* WHAT IS EXPECTED: Leave out every picture and set down, exactly, the lines below from the one holding "Page 18 of manga Succubus Kingdom" up to and including the one holding "14kt White Gold".

* AVAILABLE RECORDS:
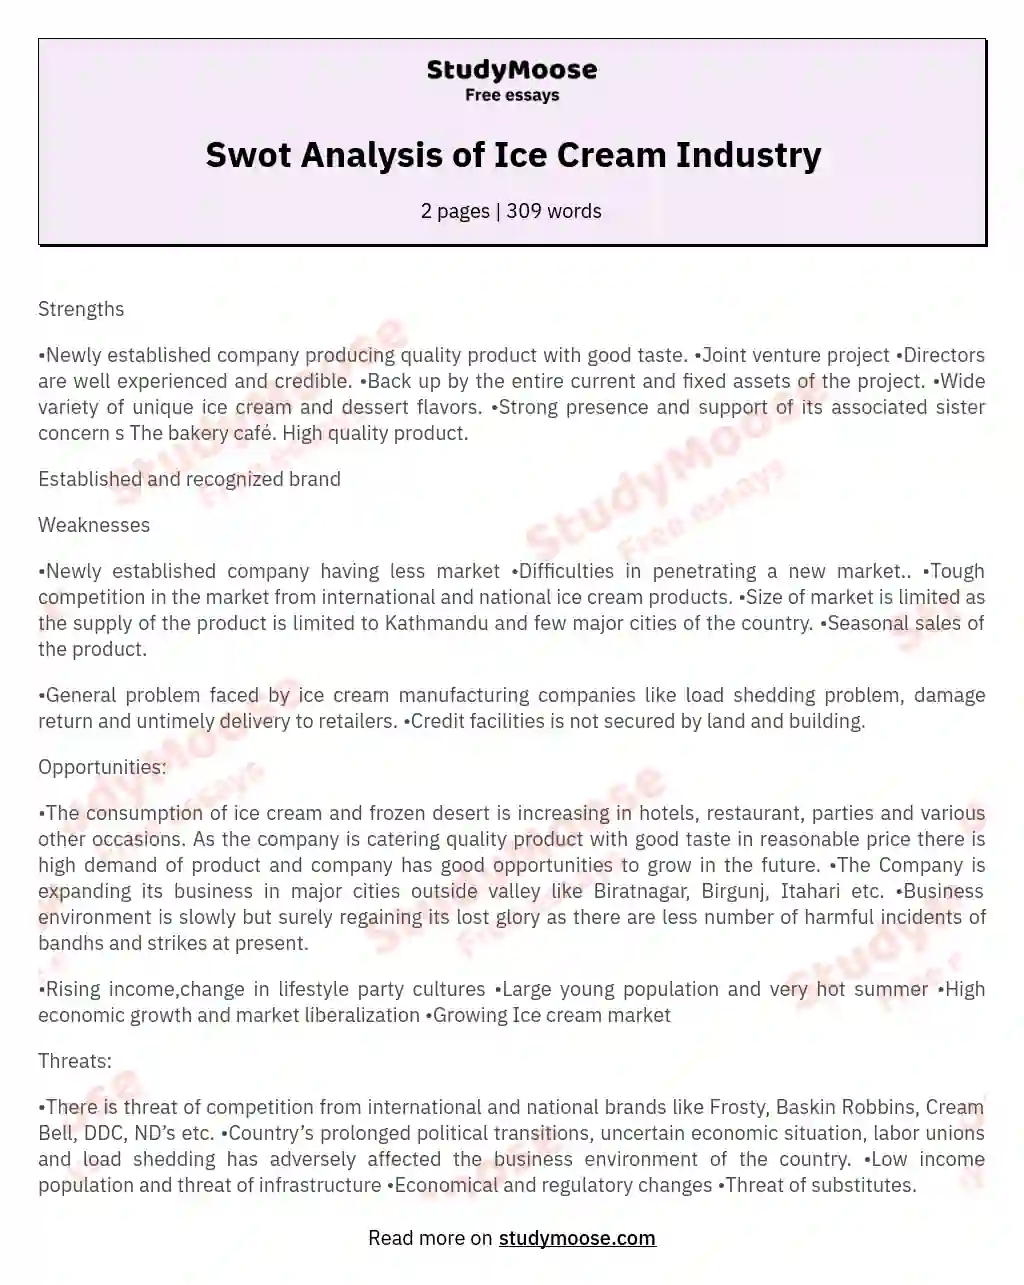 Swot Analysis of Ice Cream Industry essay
---
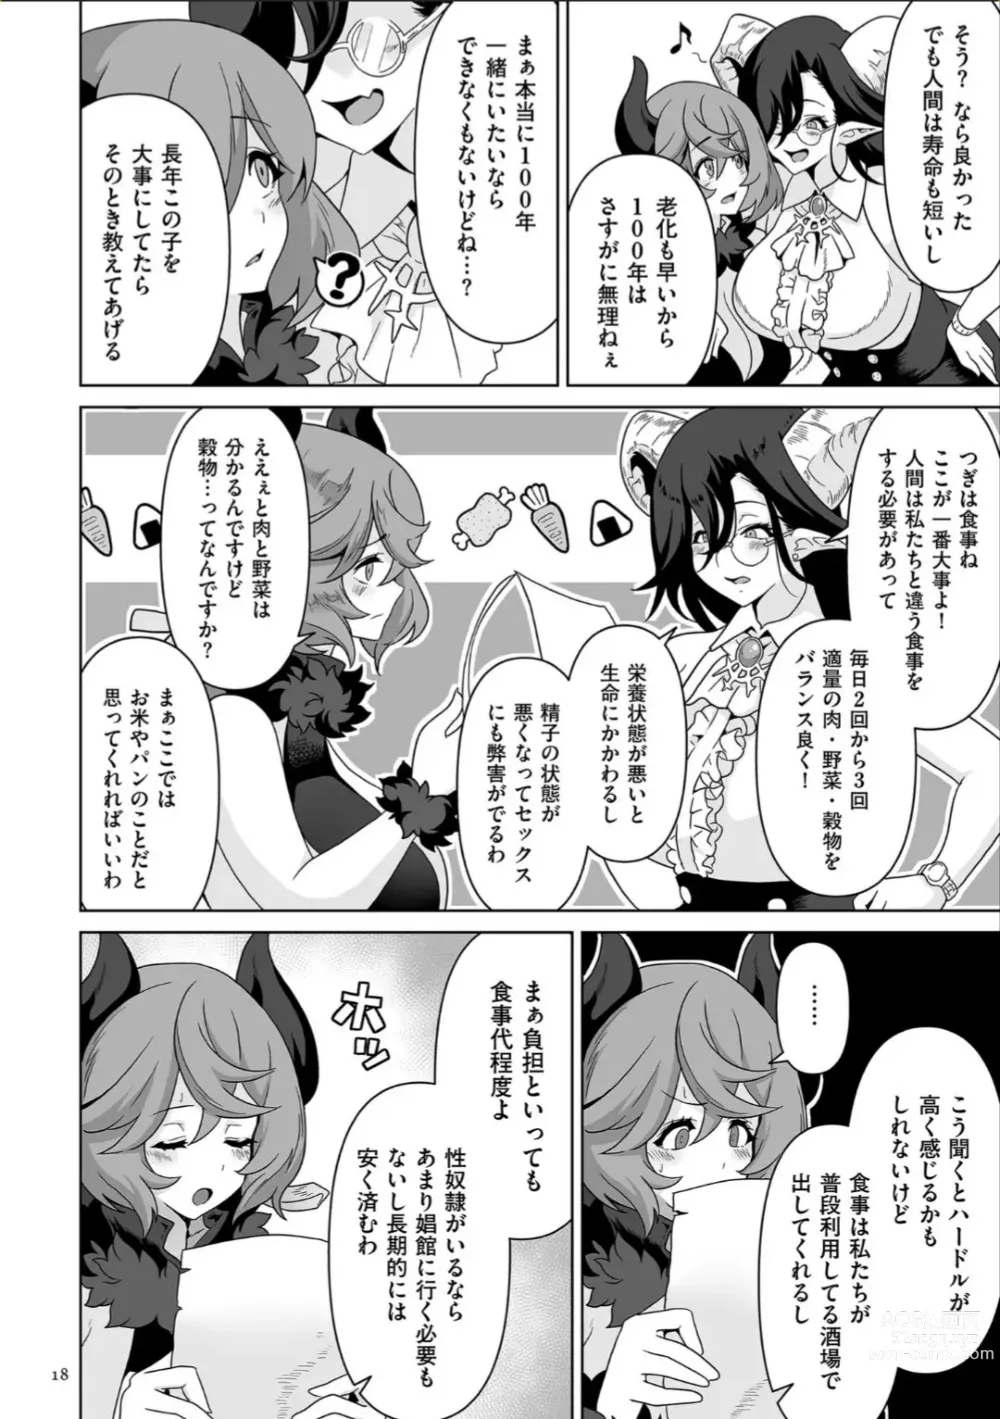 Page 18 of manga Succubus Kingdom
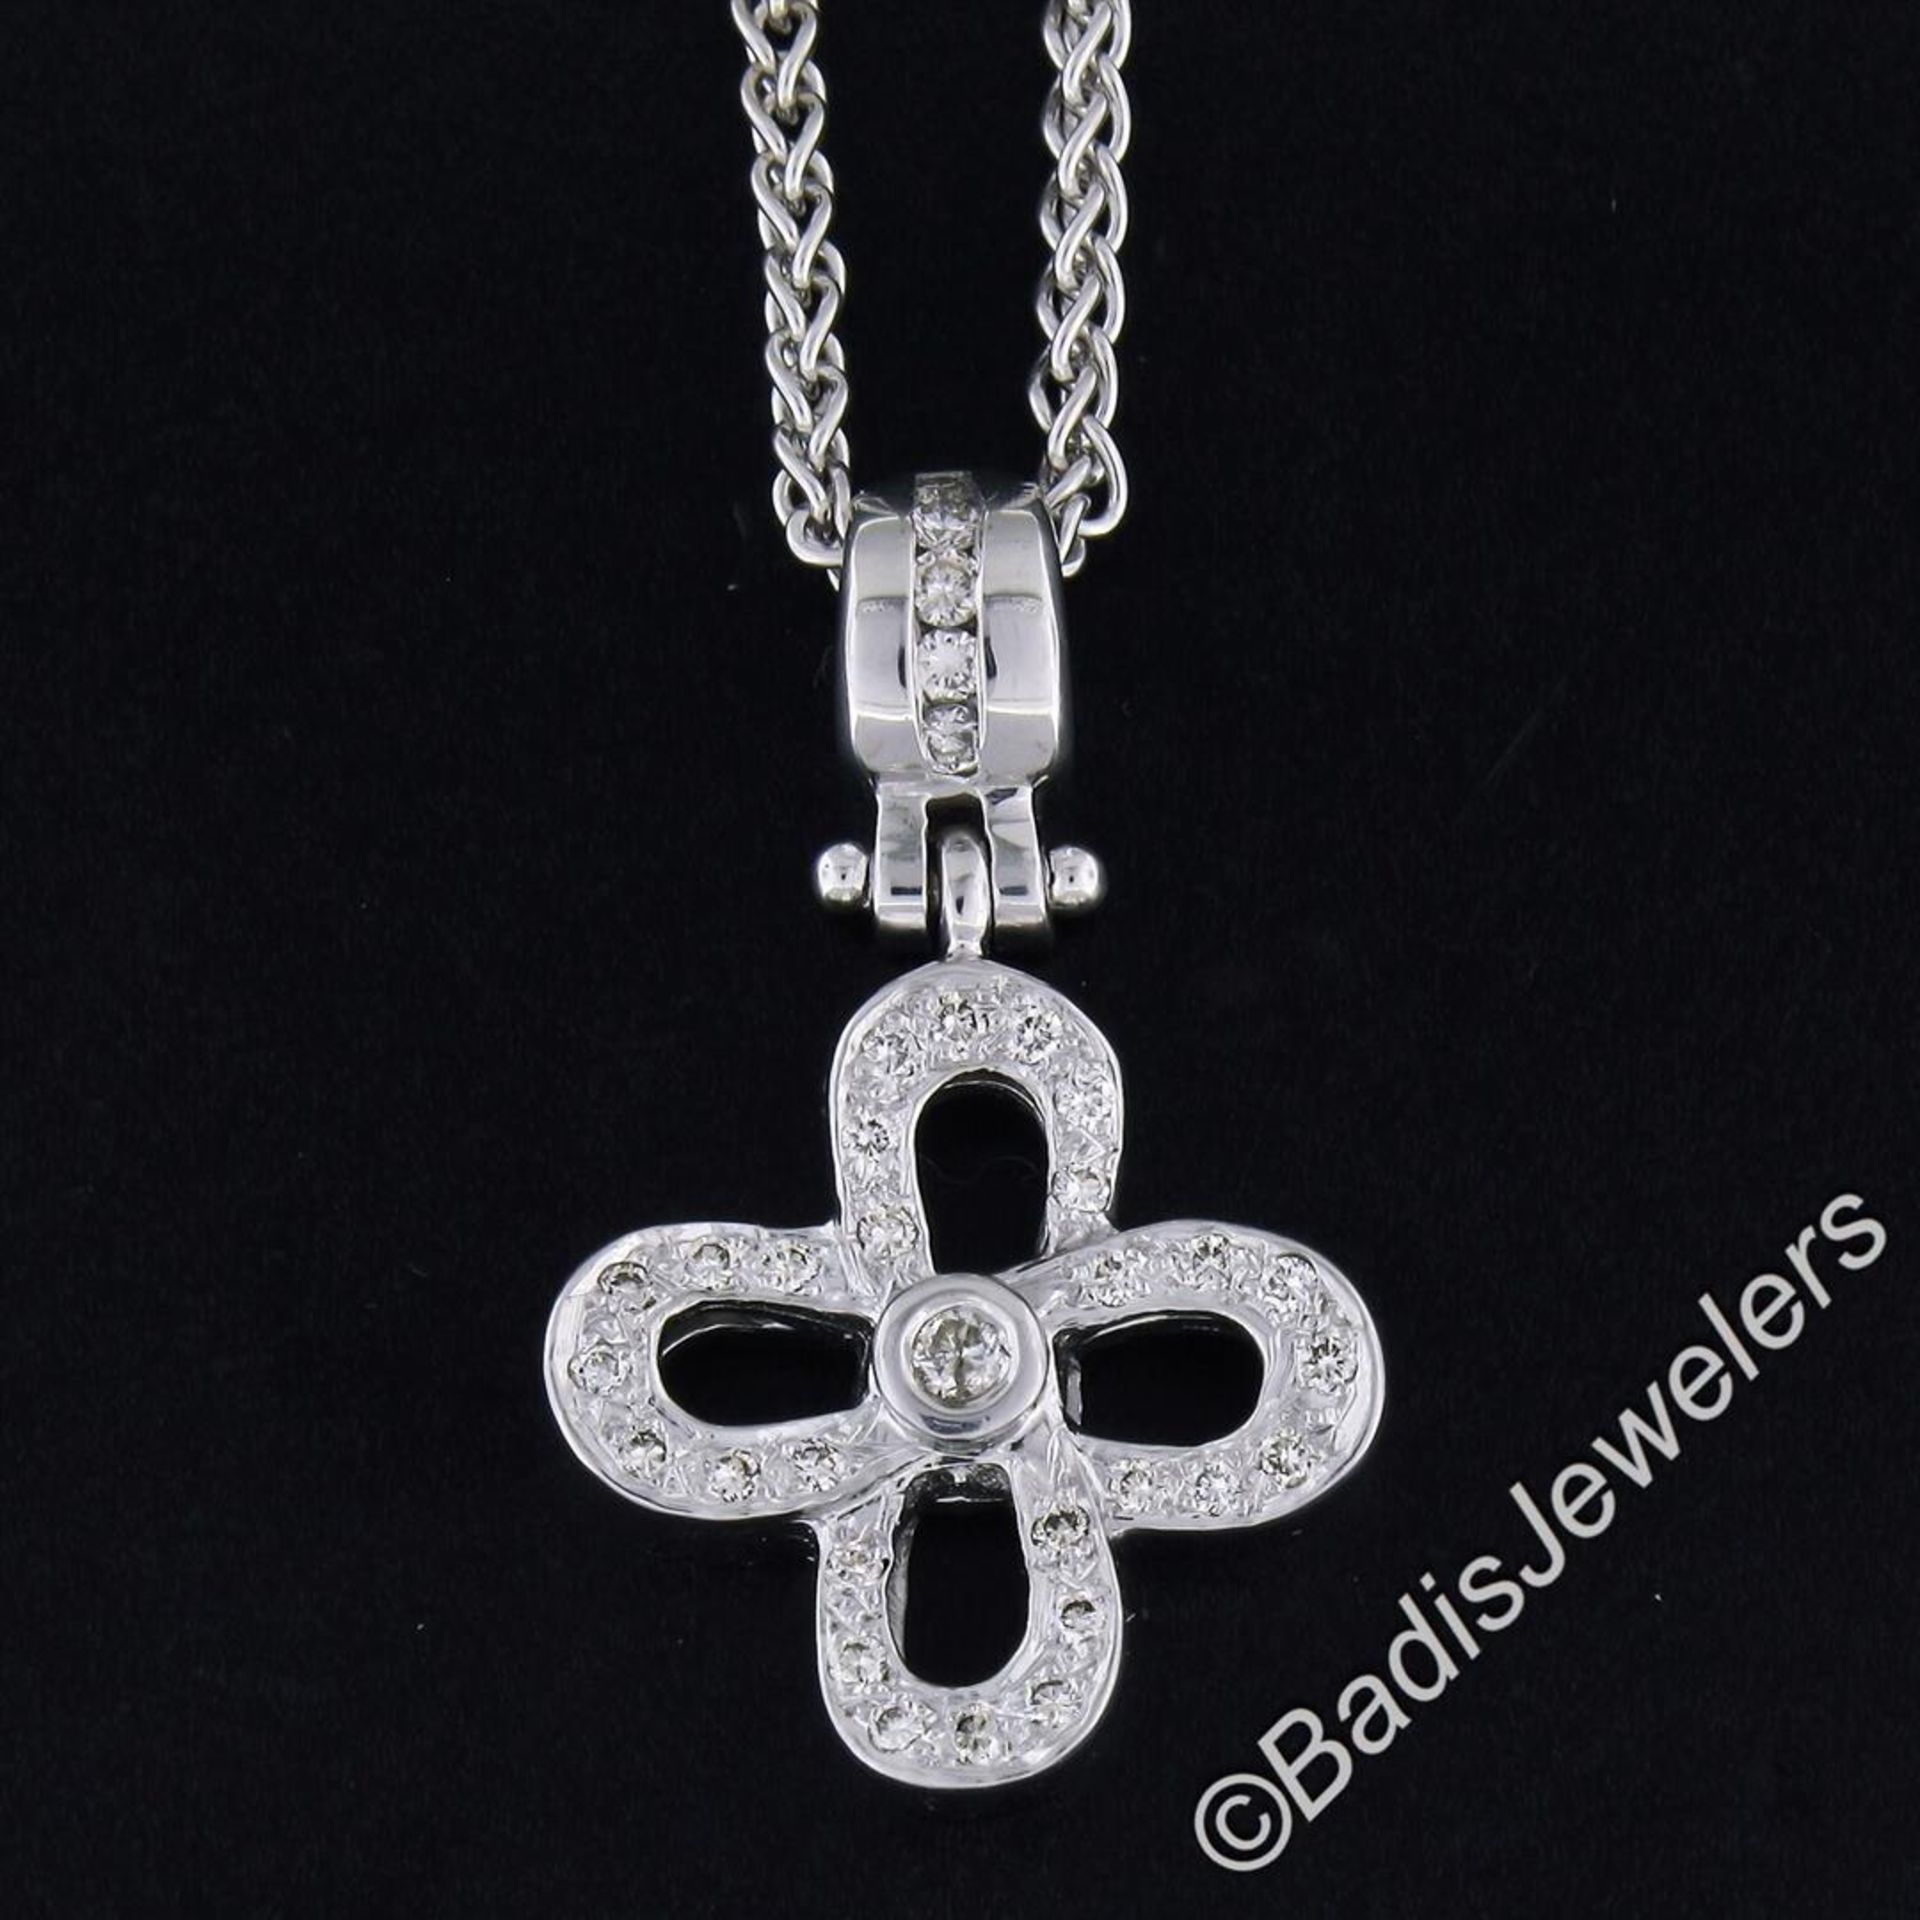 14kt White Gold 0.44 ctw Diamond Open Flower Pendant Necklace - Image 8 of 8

* SOLUTION TO THIS EXERCISE:
 Page 18 of manga Succubus Kingdom
 14kt White Gold 0.44 ctw Diamond Open Flower Pendant Necklace - Image 8 of 8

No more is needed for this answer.